(Source material begins)

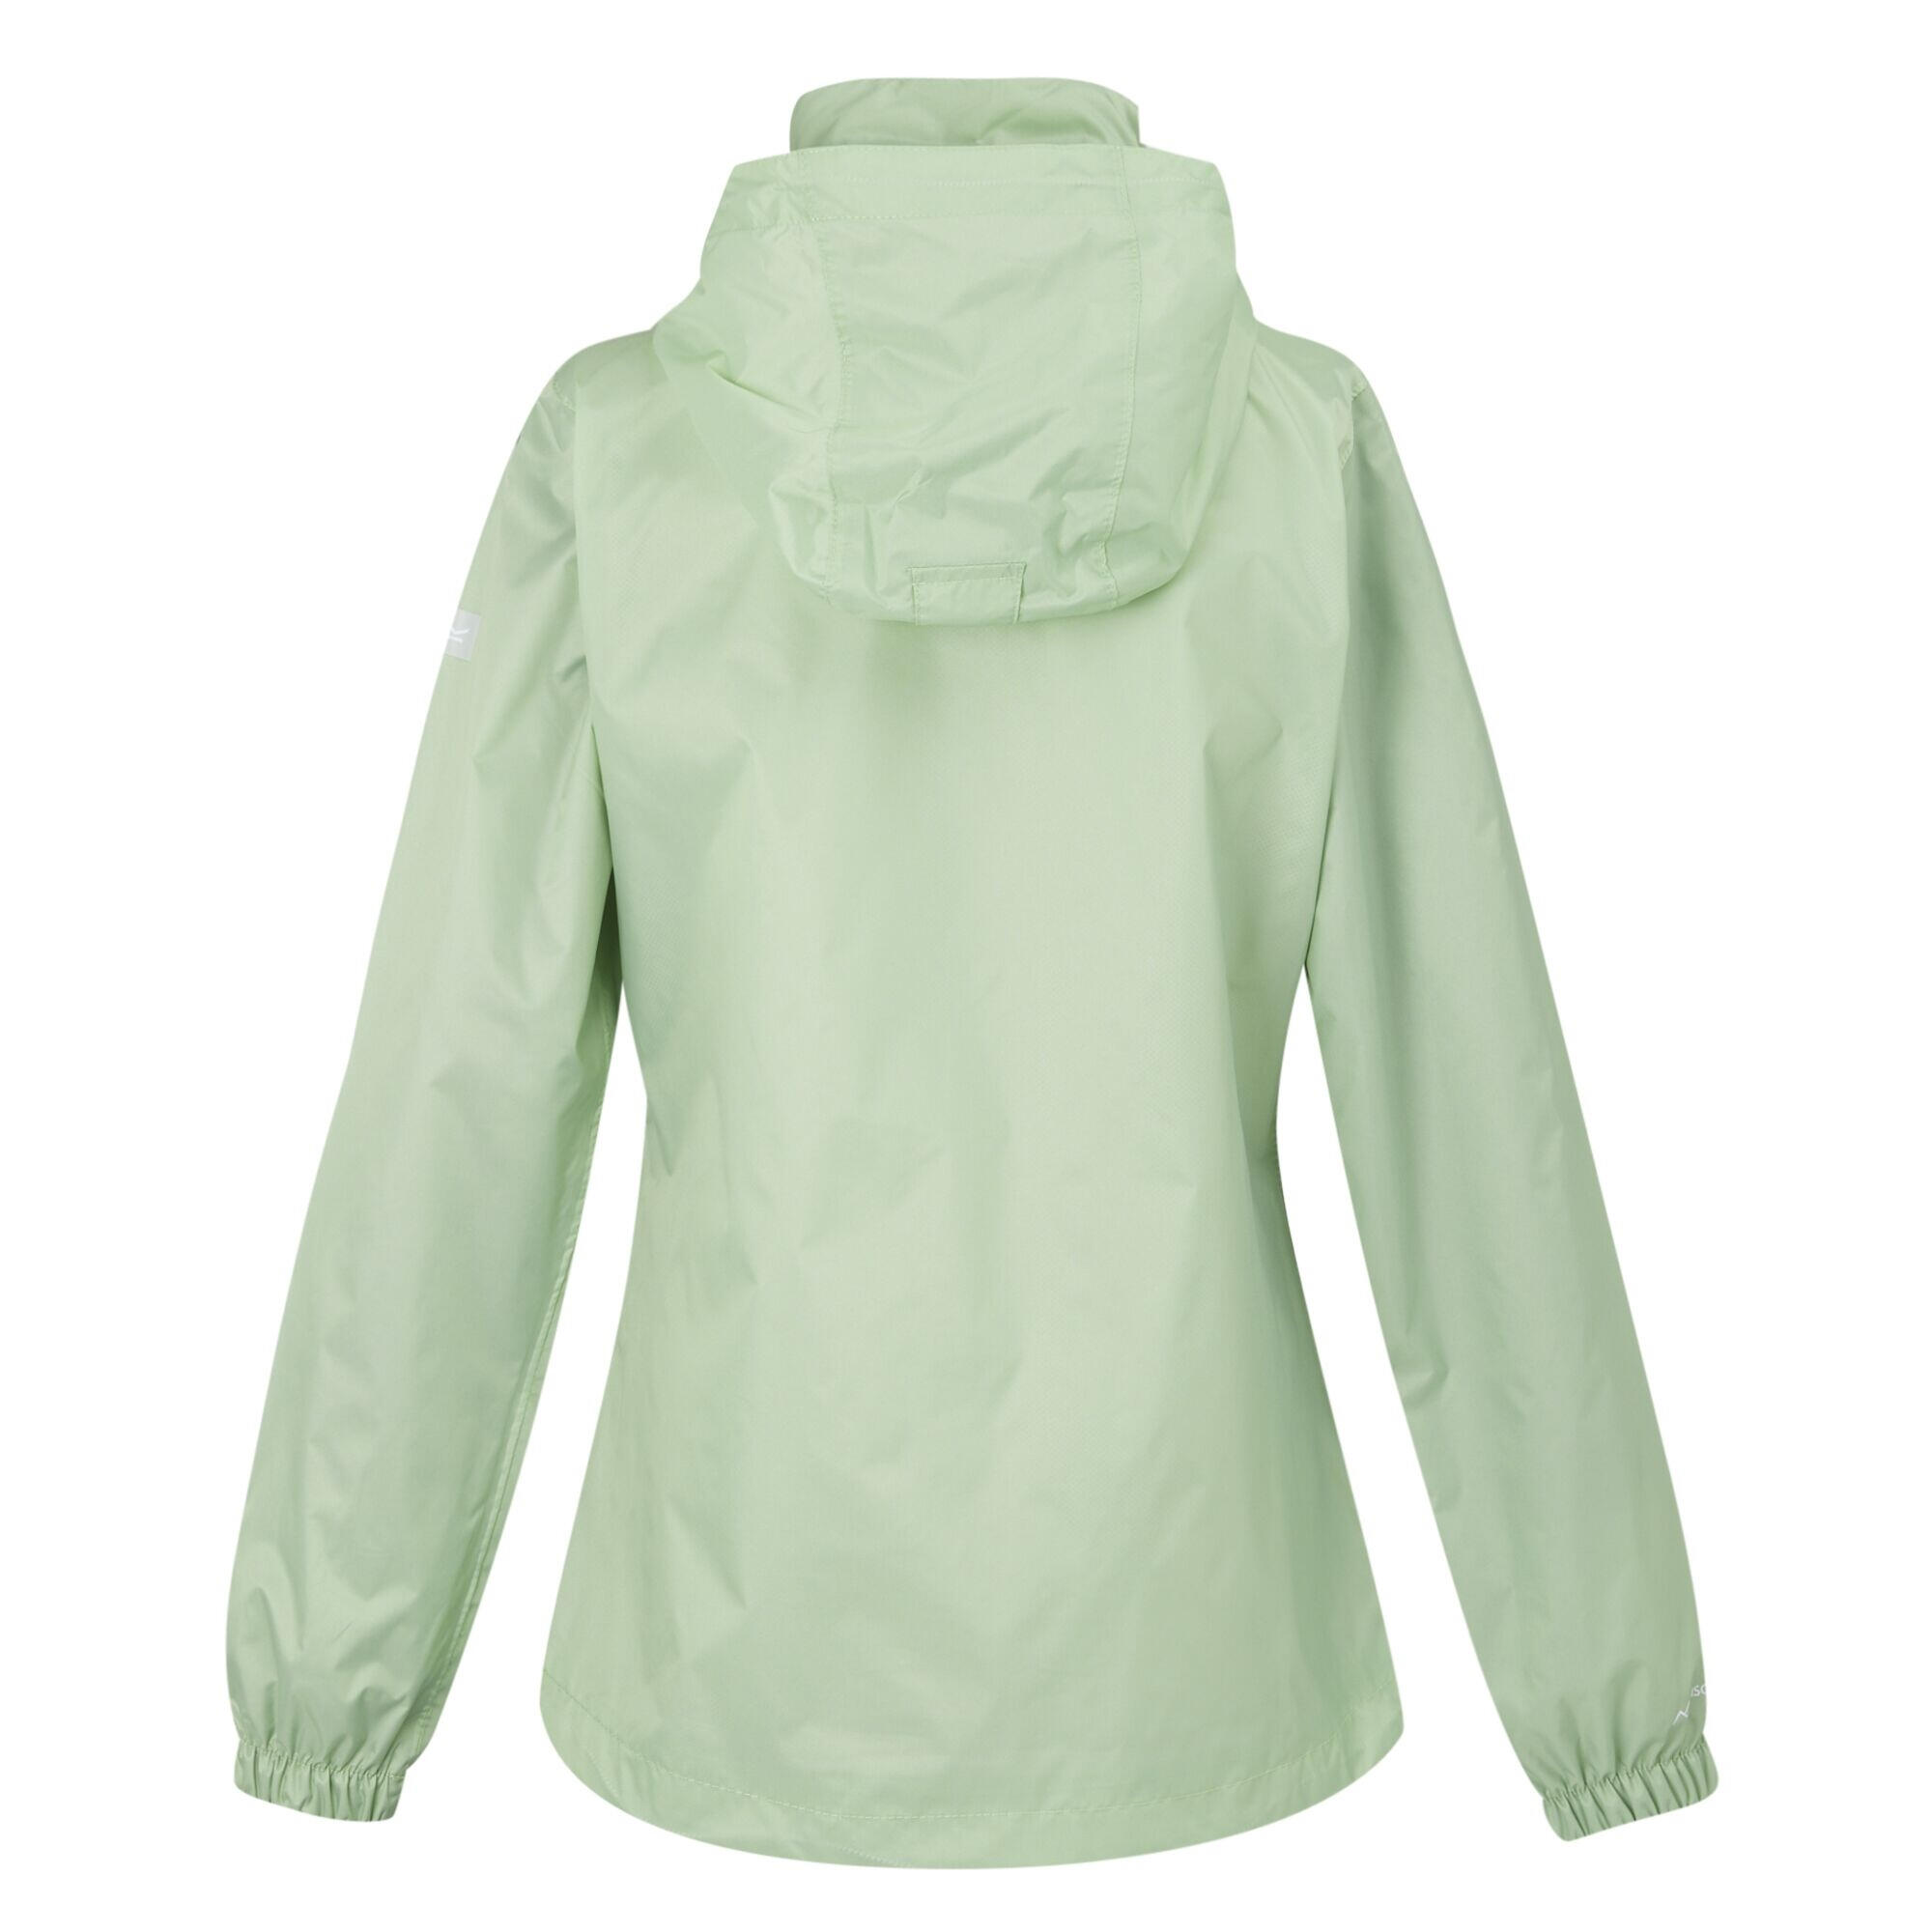 Womens/Ladies Corinne IV Waterproof Jacket (Quiet Green) 2/4
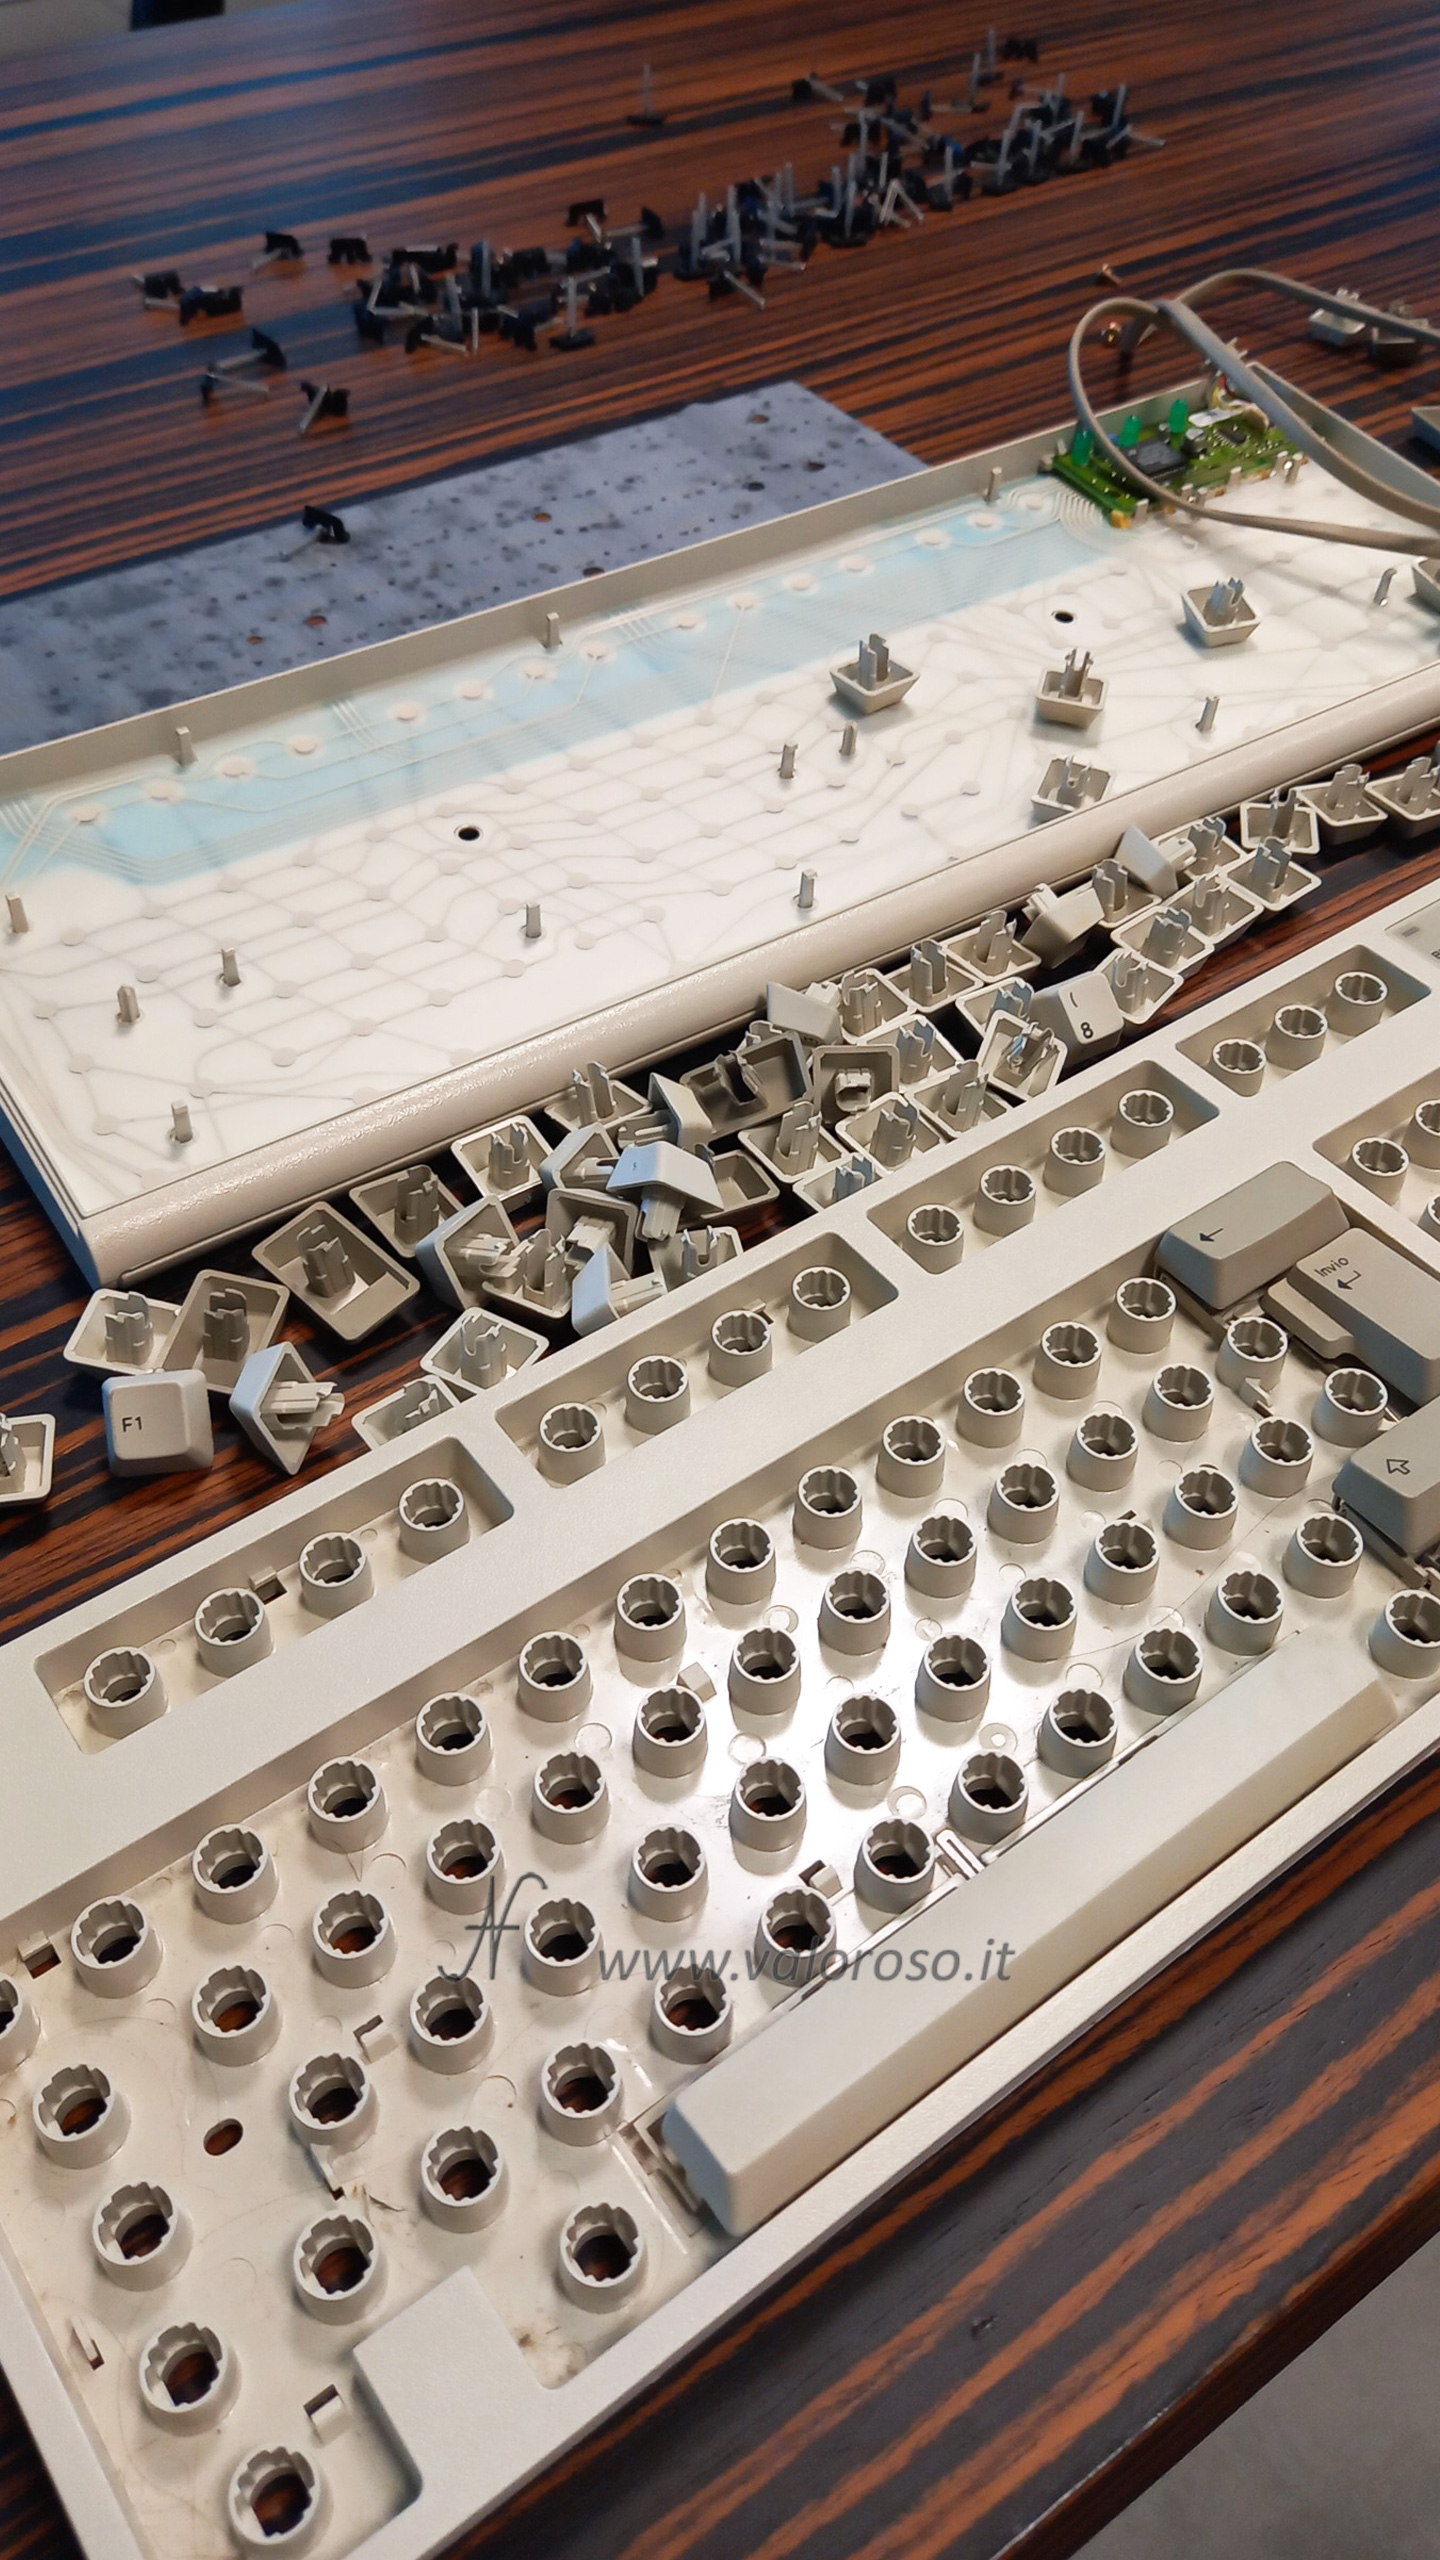 IBM PS/1 keyboard model M2 2, disassembly and repair, buckling springs, caps, membrane
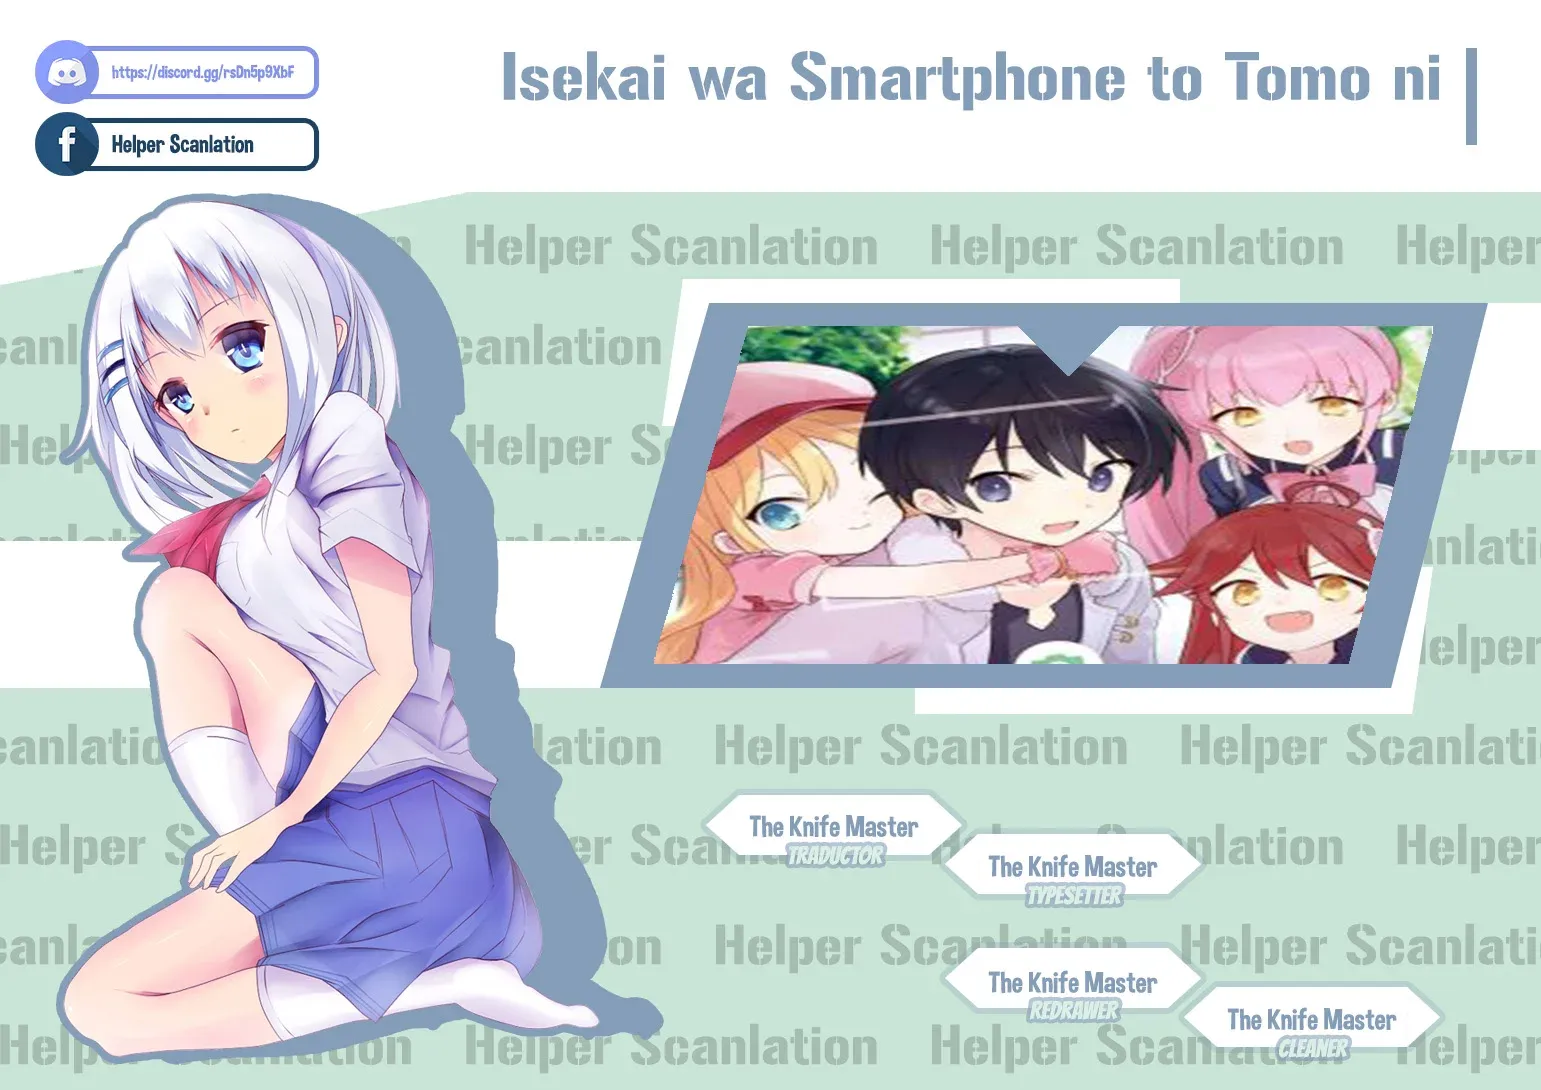 Isekai wa Smartphone to Tomo ni - Vol. 13 Ch. 83 - MangaDex :  r/IsekaiSmartphone

(Source material ends)

### Problem details
Would you restate all of the data above word for word, omitting the pictures?

### Exercise output
 Womens/Ladies Corinne IV Waterproof Jacket (Quiet Green) 2/4
 IBM PS/1 keyboard model M2 2, disassembly and repair, buckling springs, caps, membrane
 Isekai wa Smartphone to Tomo ni - Vol. 13 Ch. 83 - MangaDex :  r/IsekaiSmartphone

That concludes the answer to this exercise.